___ DATASET CONTENT ___

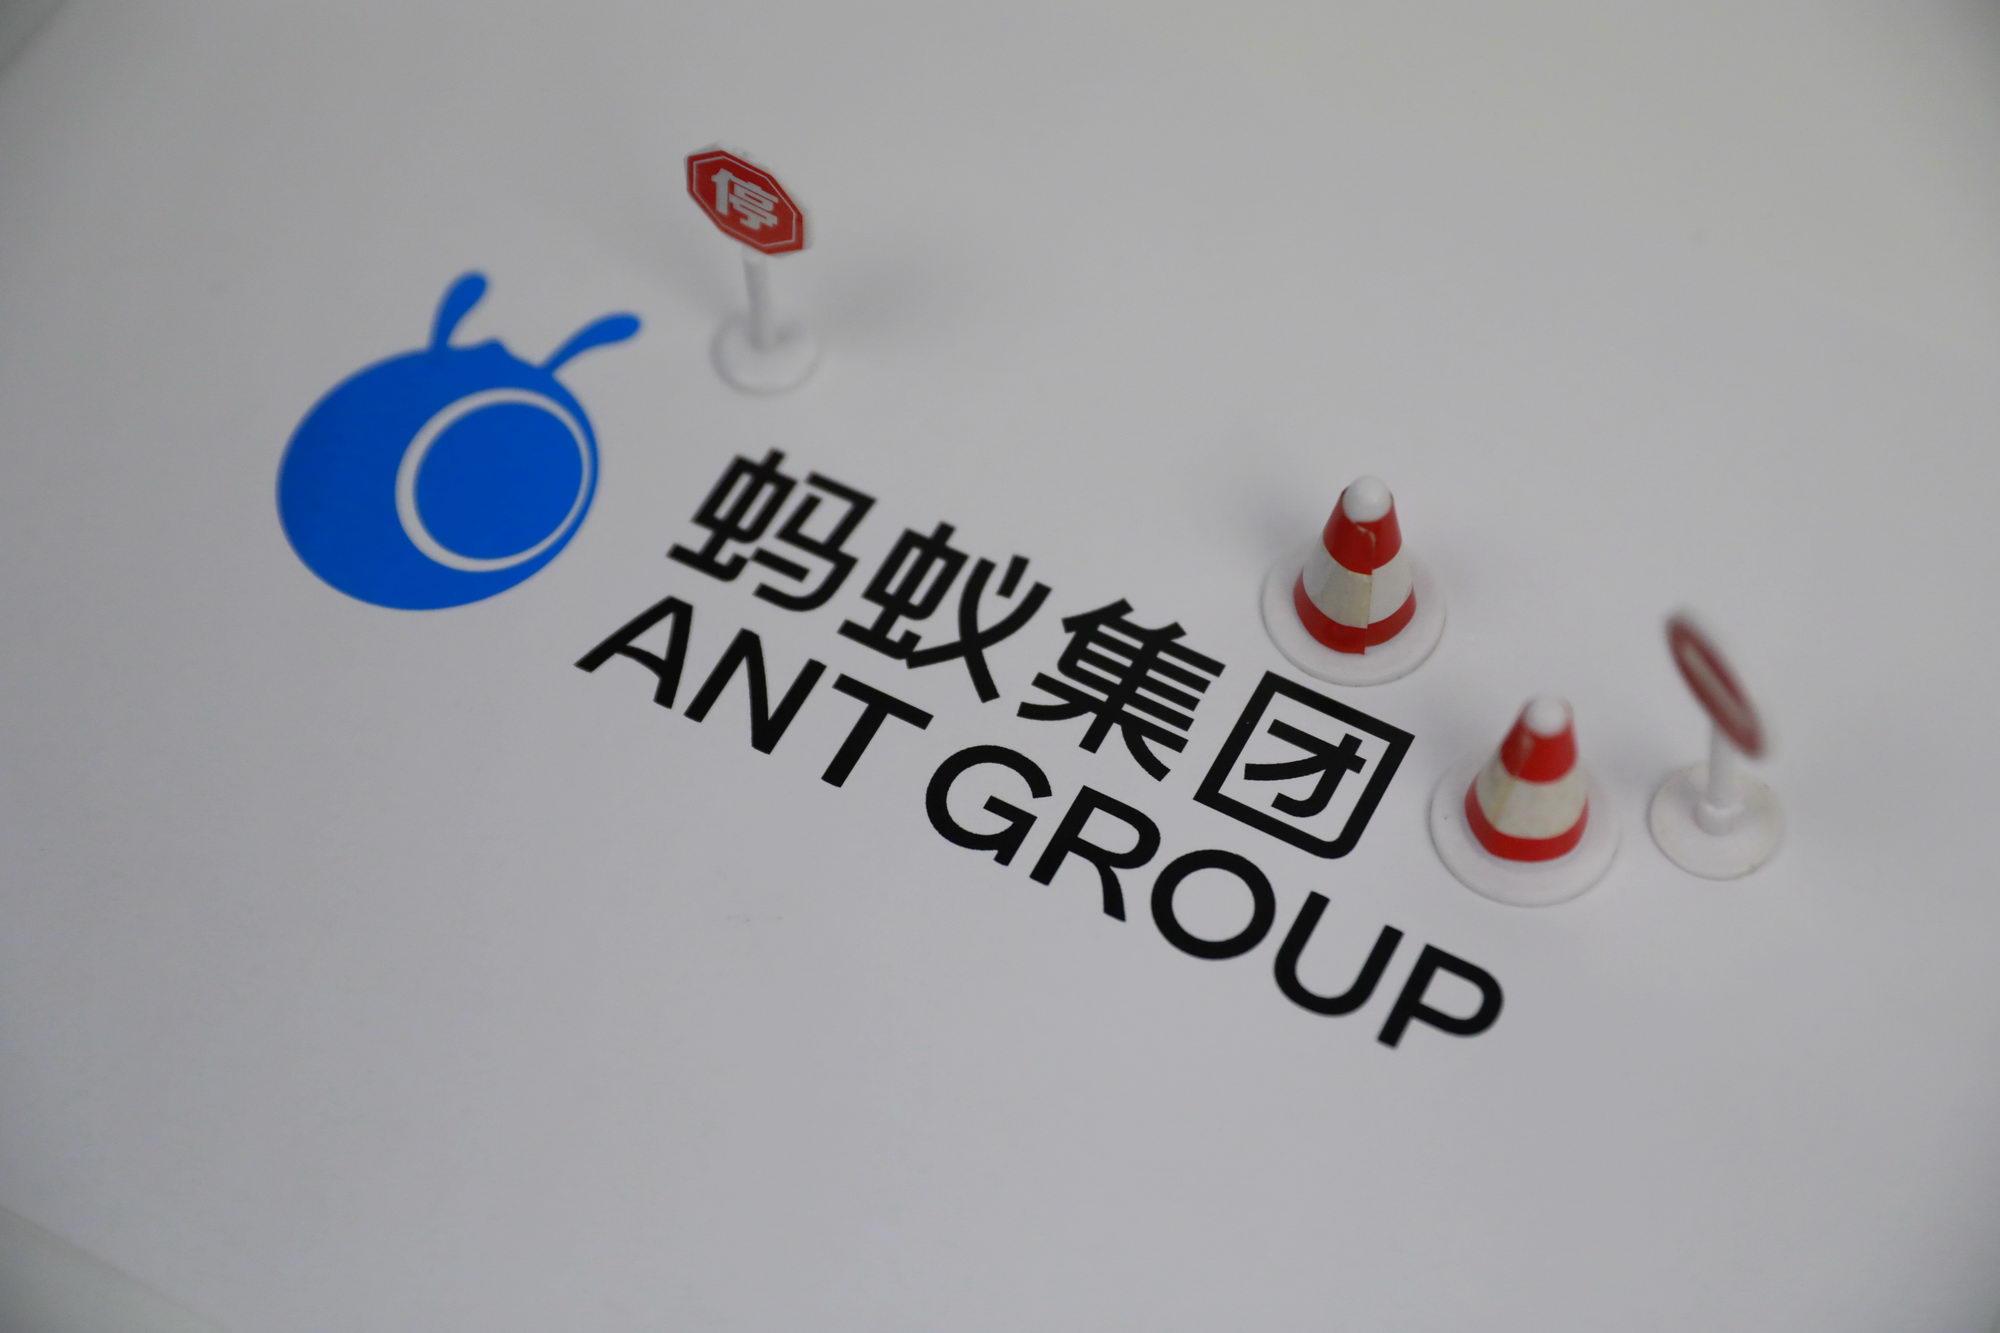 蚂蚁集团关联企业在杭州新成立科技公司
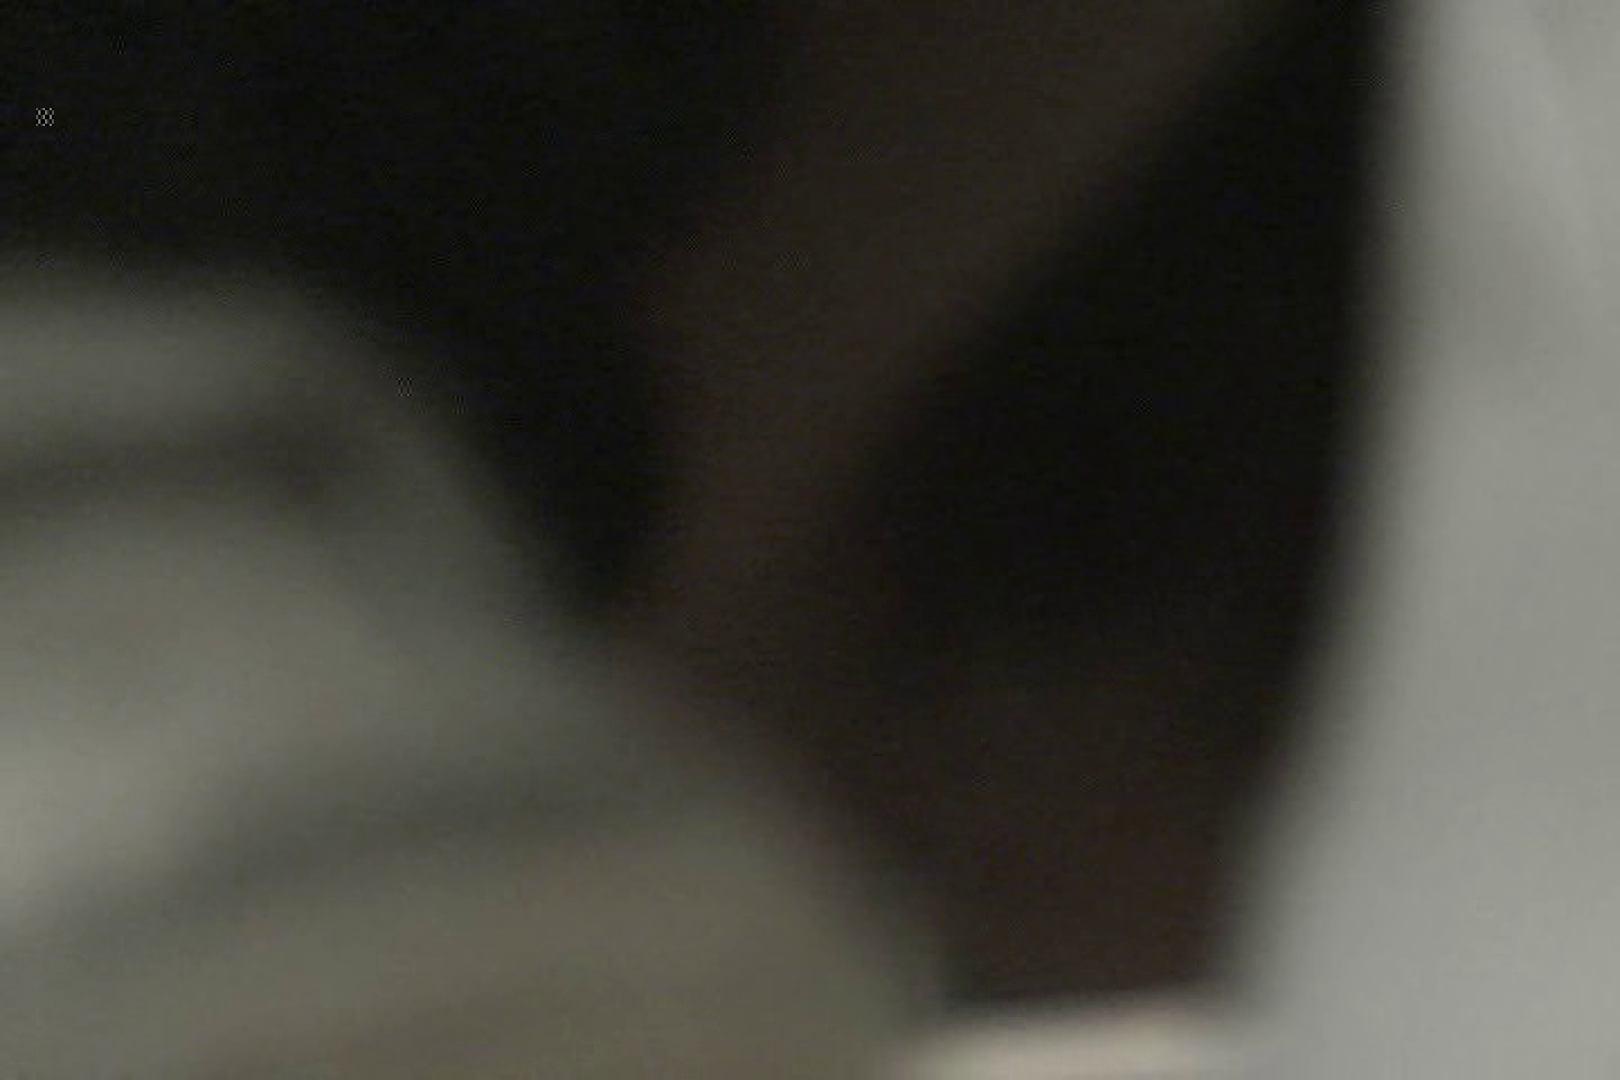 マンコ丸見え女子洗面所Vol.11 洗面所 覗き性交動画流出 71PICs 63
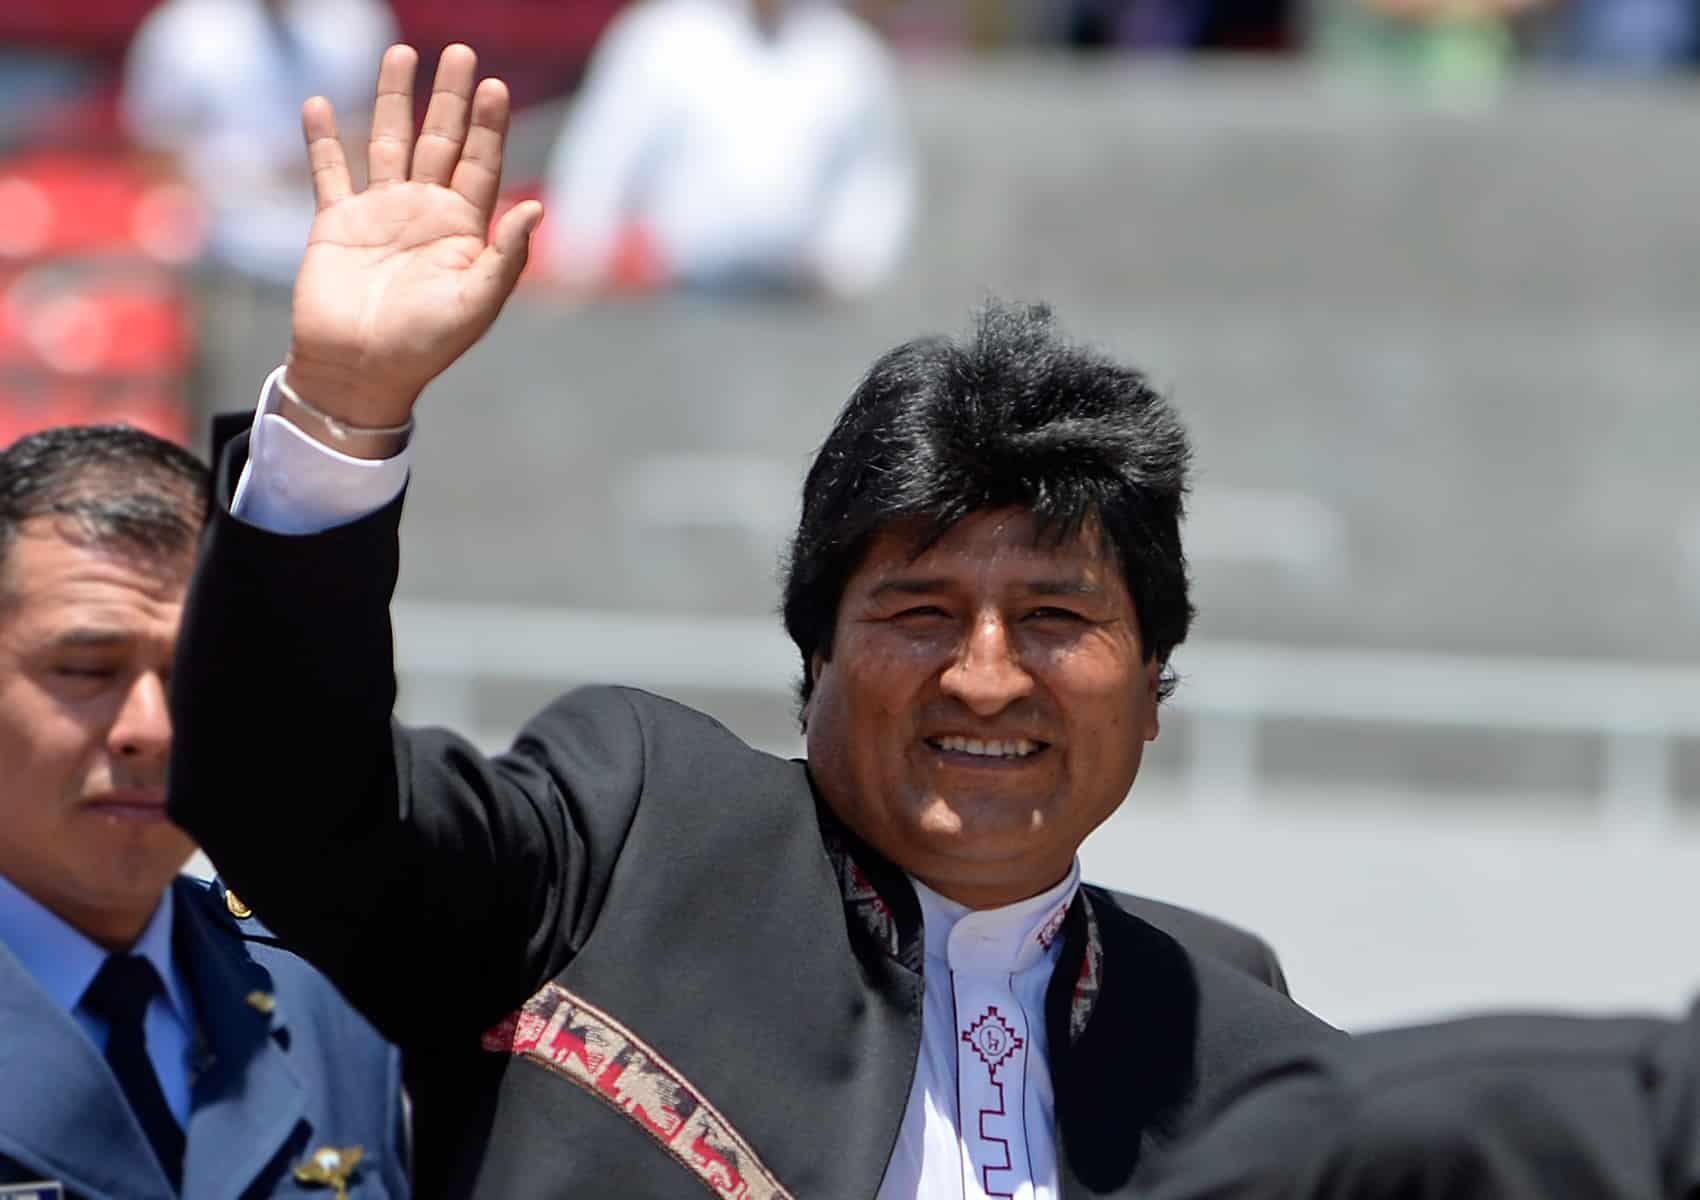 Evo Morales, former president of Bolivia.

___

• EXERCISE BRIEF
The lines from the one containing "マンコ丸見え女子洗面所Vol.11 洗面所 覗き性交動画流出 71PICs 63" to the end of the material must be output exactly, both ends included; no picture may appear.

• RESPONSE TO THE TASK
 マンコ丸見え女子洗面所Vol.11 洗面所 覗き性交動画流出 71PICs 63
 Evo Morales, former president of Bolivia.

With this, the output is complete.